糸島市・福岡市連続放火事件
糸島市・福岡市連続放火事件(いとしまし・ふくおかしれんぞくほうかじけん)とは、福岡県において起きた放火事件である。その後の捜査で起訴されたKは、無罪判決が確定している。
概要[編集]
2009年11月28日未明、福岡県糸島市の男性A宅の勝手口や駐輪場に灯油をまかれて放火され、約3平方メートルが焼損。2010年1月には福岡市東区の駐車場に止めてあった男性Aの妻の車が一部燃える騒ぎが発生した。
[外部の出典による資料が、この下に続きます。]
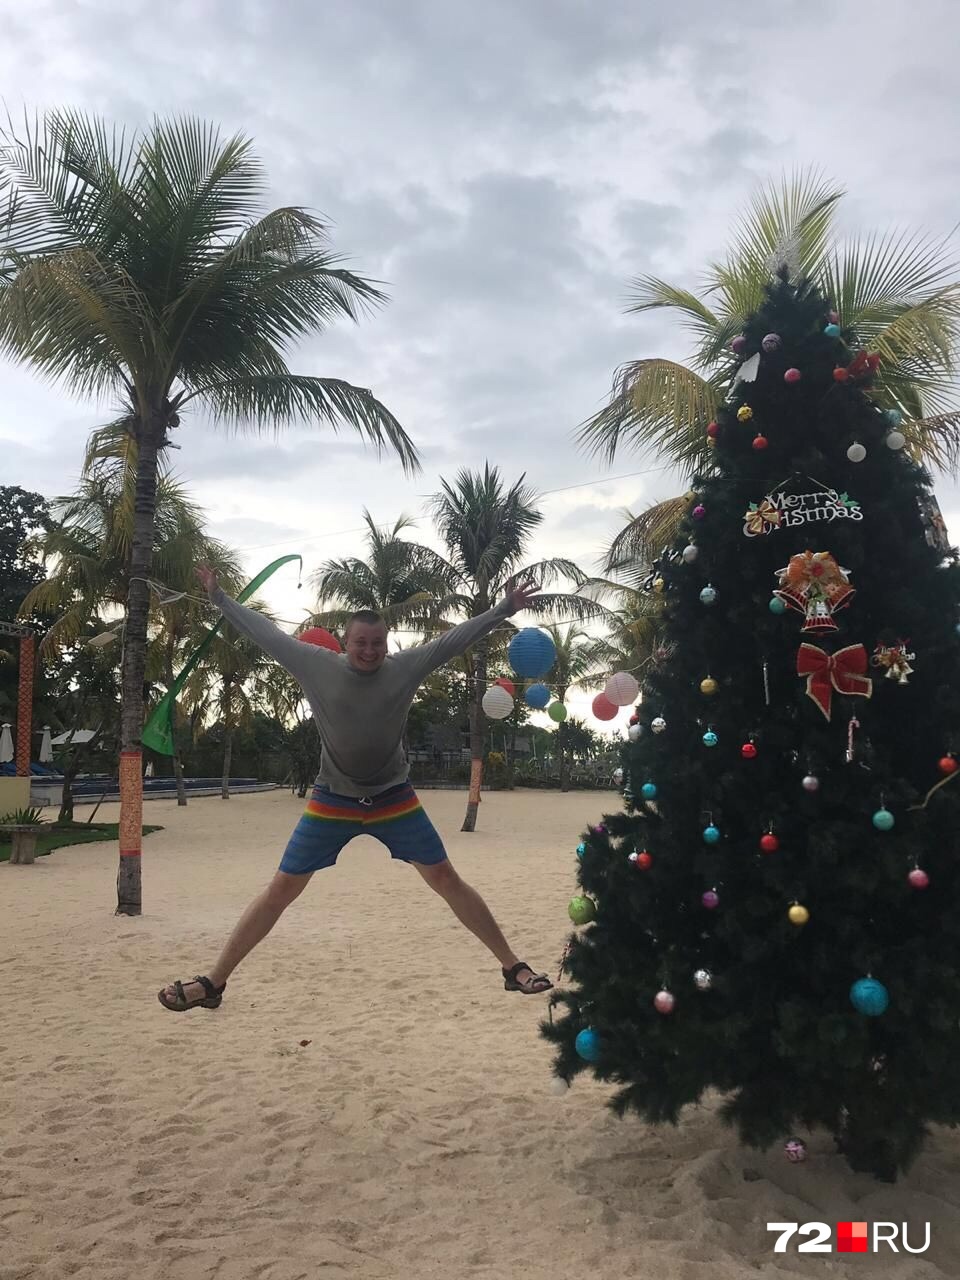 Согласитесь, непривычно наблюдать хвойное деревце в шарах и бантах на фоне пляжа и пальм

警察は、放火事件として捜査。男性Aと不倫関係にあったKを逮捕。Kは、一貫して容疑を否認したが、男性A宅の放火の現住建造物等放火と、車への放火の現住建造物等以外放火の容疑で起訴した。なお、Kは、別件で男性A宅付近に中傷ビラを張り付けたりしたなどとして、名誉棄損行為で訴えられた。
裁判経過[編集]
裁判で、Kが犯行を否認。目撃証言や自白といったKの犯行を示す直接証拠はなく、状況証拠で犯行の認定ができるかが争点となった。
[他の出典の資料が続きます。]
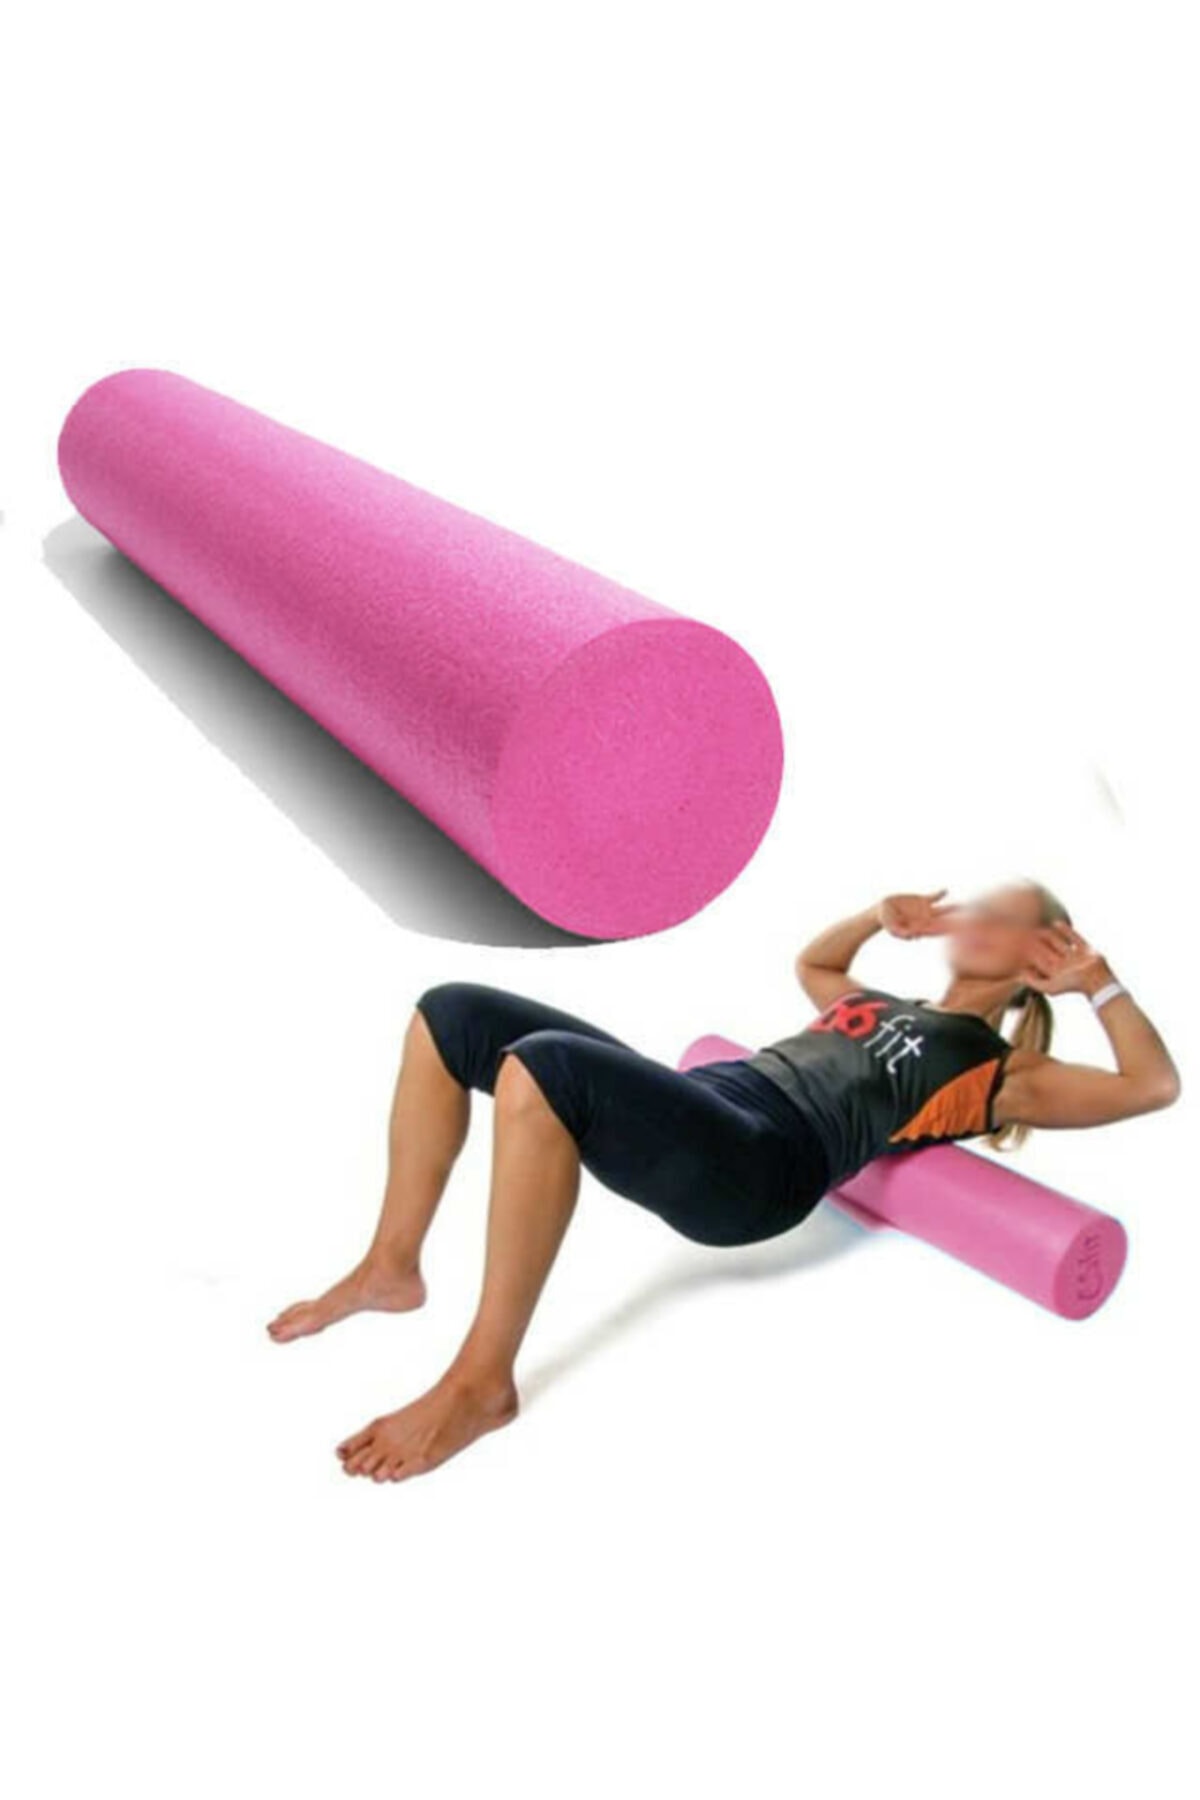 MOYASHOP Pembe Eva Foam Roller - Pilates - Fizik Tedavi - Egzersiz - Spor - 90x15 Cm

2011年3月18日に福岡地裁(田口直樹裁判長)は、部分的に有罪として、懲役4年(求刑懲役7年)を言い渡した。判決では、K宅のパソコンに中傷ビラのデータが保存されていたことなどから、名誉棄損行為を認定。2009年11月の男性A宅の放火は、男性A宅付近に中傷ビラを張り付けたり、無言電話をするなどの迷惑行為を行っていたことを考慮したうえで、Kと同じ特徴の車が犯行時刻前後に男性宅近くのコンビニの防犯カメラに写っていた映像などの状況証拠から、Kの犯行だとした。車の放火については、「被告が犯行現場にいたことなどを証拠はない」として、無罪とした。検察側は、無罪部分に対して控訴せずに無罪が確定。弁護側は、有罪部分に関して控訴した。
2011年11月2日、福岡高裁(陶山博生裁判長)は、1審の有罪判決を破棄して無罪判決を言い渡した。裁判員裁判での有罪判決を控訴審で破棄して全面無罪とする判決は2例目で、審理された2つの事件を控訴審で全面無罪したのは初。判決では、Kが男性A宅付近に行った可能性があるとしながらも放火のために行ったとは立証できていないとし、Kにしか犯行機会がなかったとはいえず、状況証拠からKが犯人であると立証できないとした。判決を不服として、検察側は最高裁に上告。
2013年9月5日、最高裁第3小法廷(岡部喜代子裁判長)は、検察側の上告を棄却[1]。無罪判決が確定した。